Untangling logics and moving forward

In conclusion, while thinking about migration as an issue of global governance has in recent years been shaped by concerns about right-wing extremism, populism and the decline of solidarity, the initial responses to the COVID-19 pandemic in many cases appears to have fast tracked this political agenda.

Many of the developments described above are well-known to observers of international migration governance. While the 2014 Ebola outbreak embodied a very clear North-South dimension with respect to othering and the initial phase of the COVID-19 outbreak was characterized by a focus on China, i.e. Trump’s insistence on describing this as the “China-virus”, the rapid global spread of the virus has mapped onto existing patterns of structural inequality. From a scholarly perspective, this reveals complicated interfaces that will require some careful untangling. We end with three observations:

  1. The first concerns the kind of work biosecurity’ will do in the migration context and how the merging of a biosecurity rationale with national security maps onto the migration context. With respect to border management, open borders have now been re-constituted as threat-objects.
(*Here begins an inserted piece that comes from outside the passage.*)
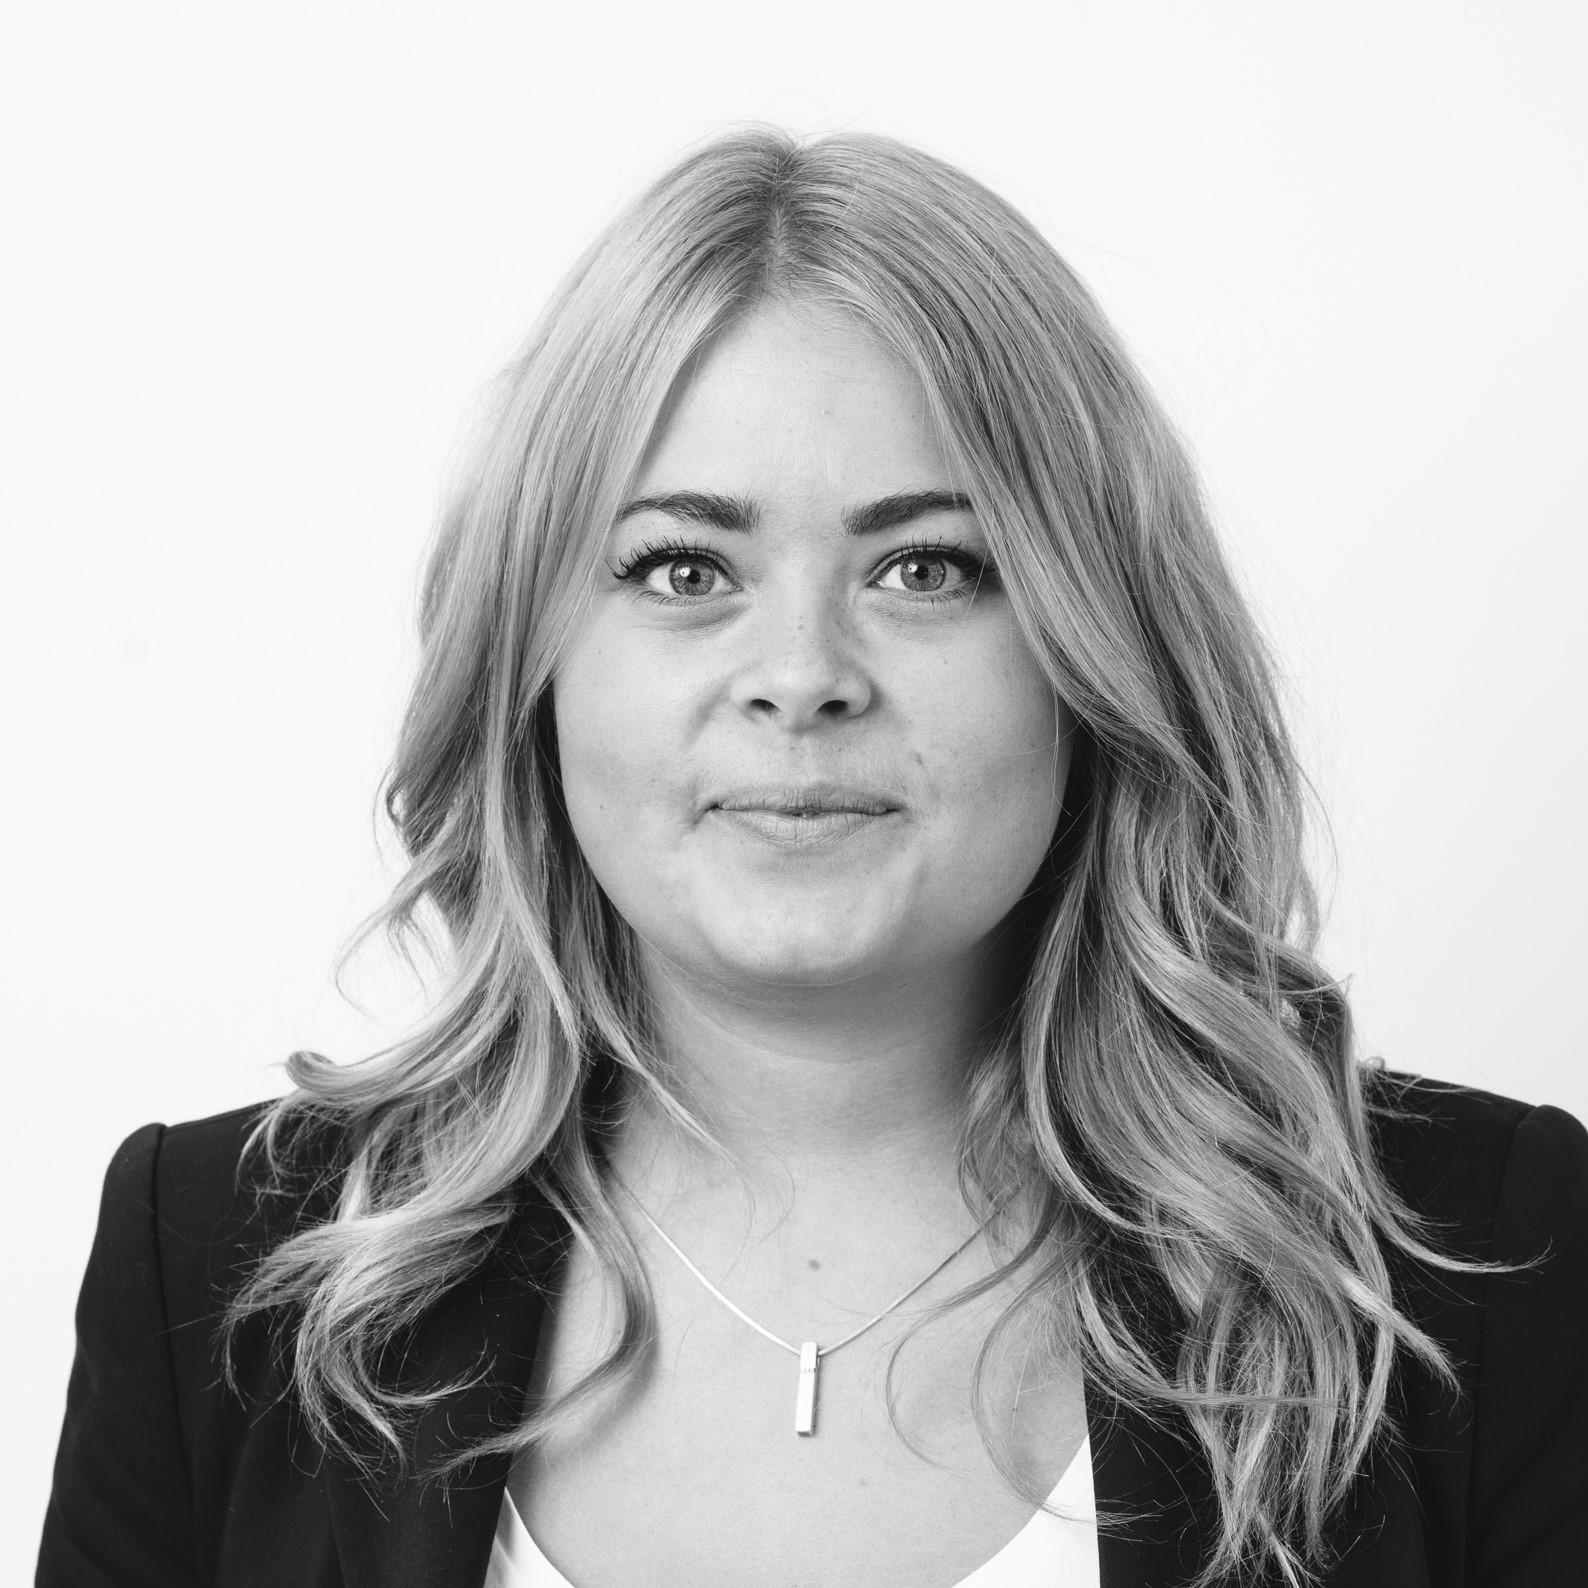 Amanda Öberg

The closure of borders (including borders within federal states, such as in Australia) is done in the name of ‘flattening the curve’ (ultimately, ‘saving lives’) and thus protecting the local as well as the global population. Multiple border closures are seen as a ‘biological necessity’ and careful attention will be needed to the evolving justification of these closures as well as their popularity.
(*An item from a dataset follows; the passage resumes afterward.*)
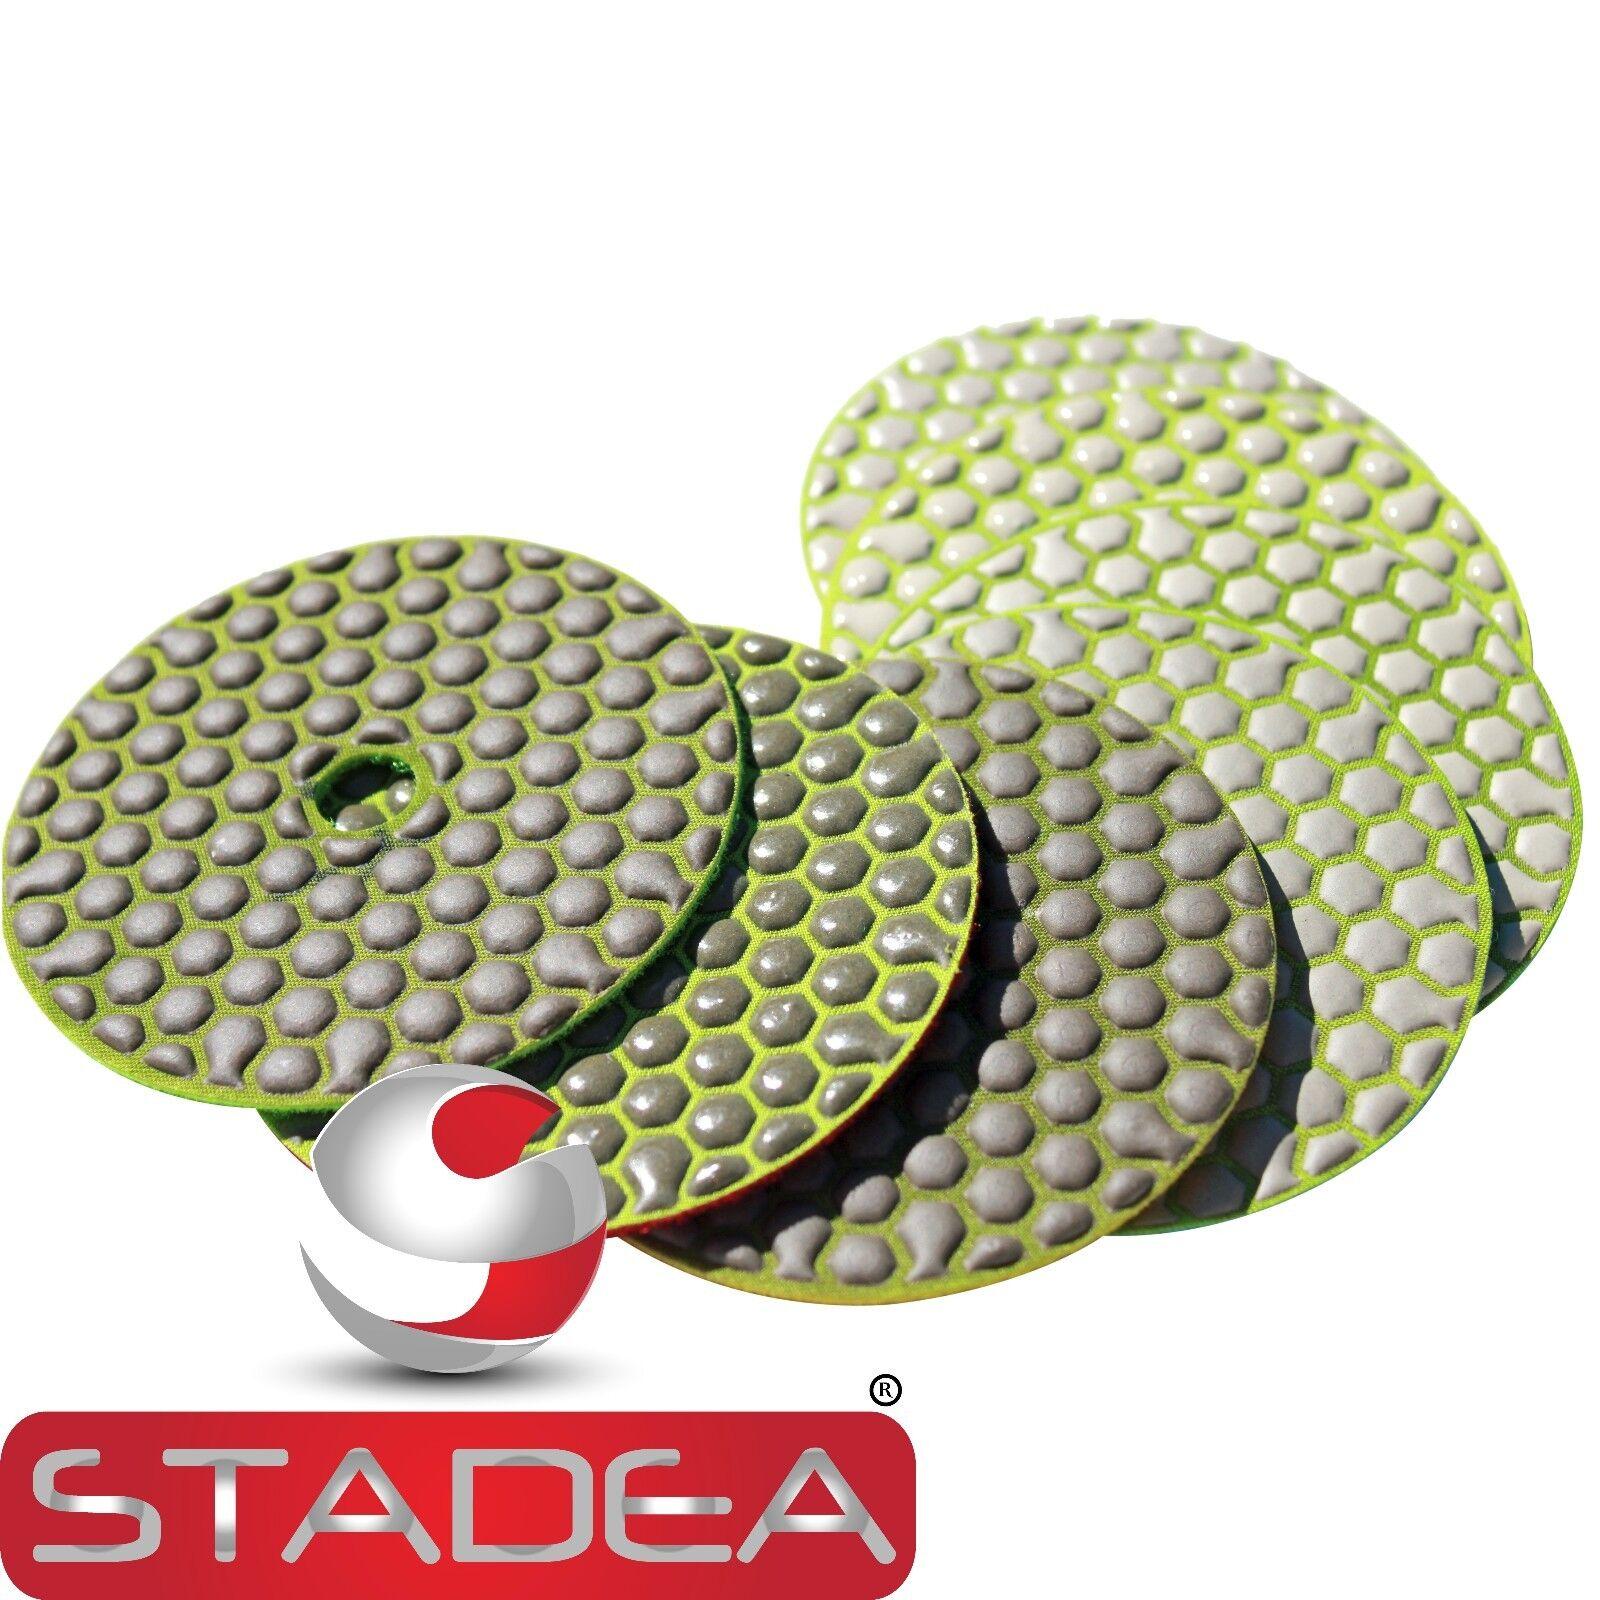 Stadea 4 Quot Diamond Dry Concrete Stone Marble Granite

  2. The second is about emergent new combinations of political rationales: a widely reported upside to the outbreak is an improvement in pollution levels and air quality and due to collapse in industry and air traffic, while some report a renaissance of neighbourhood socialization due to the decline of ‘predatory tourism. It will be important to investigate to what extent this is combined with demands to decrease international migration, or particular types of international migration.
  3. The third observation points to the likelihood of a global recession or at least the prospect of increasing unemployment and significant reprioritizations in domestic budgets in the Global North. This dovetails with continued inaction on refugee and migrant protection by many higher income Global East governments. Globally, it is notable that individual states have announced considerable expansion of temporary welfare measures yet so far international collaboration has been scant, as have been considerations for the impact of the COVID-19 pandemic on international solidarity.